Would you please share a narrowed down code snippet along with sample documents and elaborate your requirements a little more, based on that application so that we may investigate it in our environment to help you out. Moreover, please ensure using Aspose.PDF for .NET 18.12 before sharing requested data.

seanJohnsonRSI · December 18, 2018, 4:48pm

.Net 18.9.1 is the highest my license will allow. Maybe you can let me know if running the PDF through your environment produces different results for table extraction.

I would attach the sample pdf and results files, but apparently I’m not authorized to upload them. (pdf, txt, and xslx)

Below is the code snippets for extracting the tables and converting from pdf to excel.

public void AsposeExtractTables(string fileName)
        {
            NCCIReport parsedReport = new NCCIReport();
            License license = new License();
            license.SetLicense(Properties.Settings.Default.AsposePDFFilePath);

            this.PDFDoc = new Document(fileName);
            TableAbsorber tableAbsorber = new TableAbsorber();

            foreach(Page page in this.PDFDoc.Pages)
            {
                tableAbsorber.Visit(page);
            }

            StringBuilder tablesSB = new StringBuilder();

            foreach (AbsorbedTable table in tableAbsorber.TableList)
            {
                foreach (AbsorbedRow row in table.RowList)
                {
                    foreach (AbsorbedCell cell in row.CellList)
                    {
                        foreach (TextFragment tf in cell.TextFragments)
                        {
                            tablesSB.Append($"\"{tf.Text}\", ");
                        }
                    }
                    tablesSB.AppendLine();
                }
            }

            string result = tablesSB.ToString();
        }

public void AsposePDFToExcel(string fileName)
        {
            NCCIReport parsedReport = new NCCIReport();
            License license = new License();
            license.SetLicense(Properties.Settings.Default.AsposePDFFilePath);

            this.PDFDoc = new Document(fileName);

            // Instantiate ExcelSave Option object
            ExcelSaveOptions excelsave = new ExcelSaveOptions();
            excelsave.MinimizeTheNumberOfWorksheets = true;

            // Save the output in XLS format
            this.PDFDoc.Save("PDFToXLS_out.xls", excelsave);
        }

Farhan.Raza · December 18, 2018, 8:47pm

@seanJohnsonRSI

Thank you for sharing the code.

Kindly mention explicitly which columns are combined or missed with TableAbsorber. Moreover, PDF to Excel conversion algorithm is different approach as compared to extracting table from a PDF document. Alternatively, you may Save Workbook to Text or CSV Format using Aspose.Cells for .NET and manipulate the data as per your requirements.

Furthermore, you may ZIP respective files and share with us for our reference.
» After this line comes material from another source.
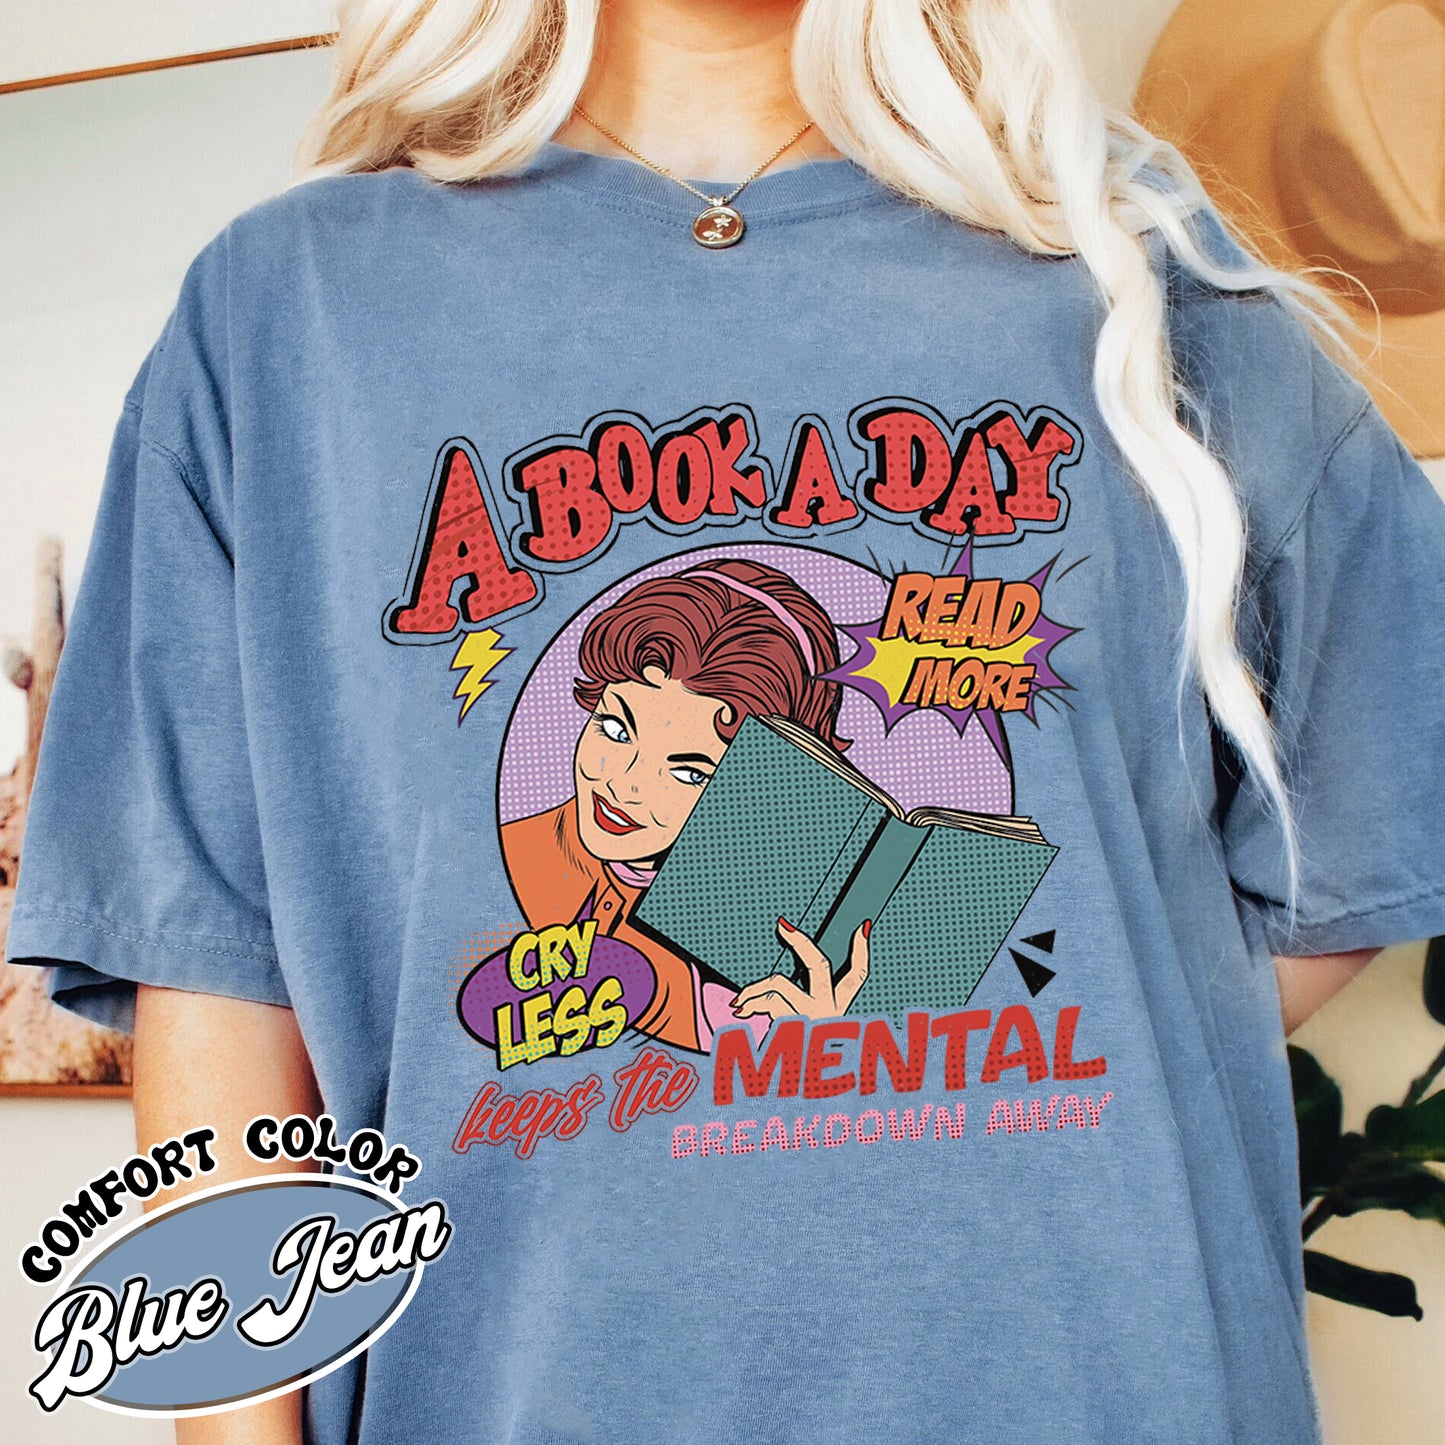 A Book a Day Keep the Mental Breakdown Away Comfort Color Shirt, Book Shirt, Book Gift, Book Lover Gift, a Book a Day Keep the Mental, Book Lover

seanJohnsonRSI · December 18, 2018, 9:00pm

I was asking about TableAbsorber, not TextAbsorber…

Farhan.Raza · December 18, 2018, 9:04pm

@seanJohnsonRSI

Sorry, we meant TableAbsorber. Our previous response has been updated as well.

seanJohnsonRSI · December 20, 2018, 2:19pm

Considering it won’t let me upload a text file, I guess you’ll just have to take my word for it. An example is that the TableAbsorber thinks there are 48 tables, when there are 8 (seen by a human). It’s not helpful. TableCount.png (12.2 KB)

If i go with the save workbook method, then I have to go PDF->Excel->CSV. That is a lot of overhead considering this functionality needs to be done on the fly. It’s not viable.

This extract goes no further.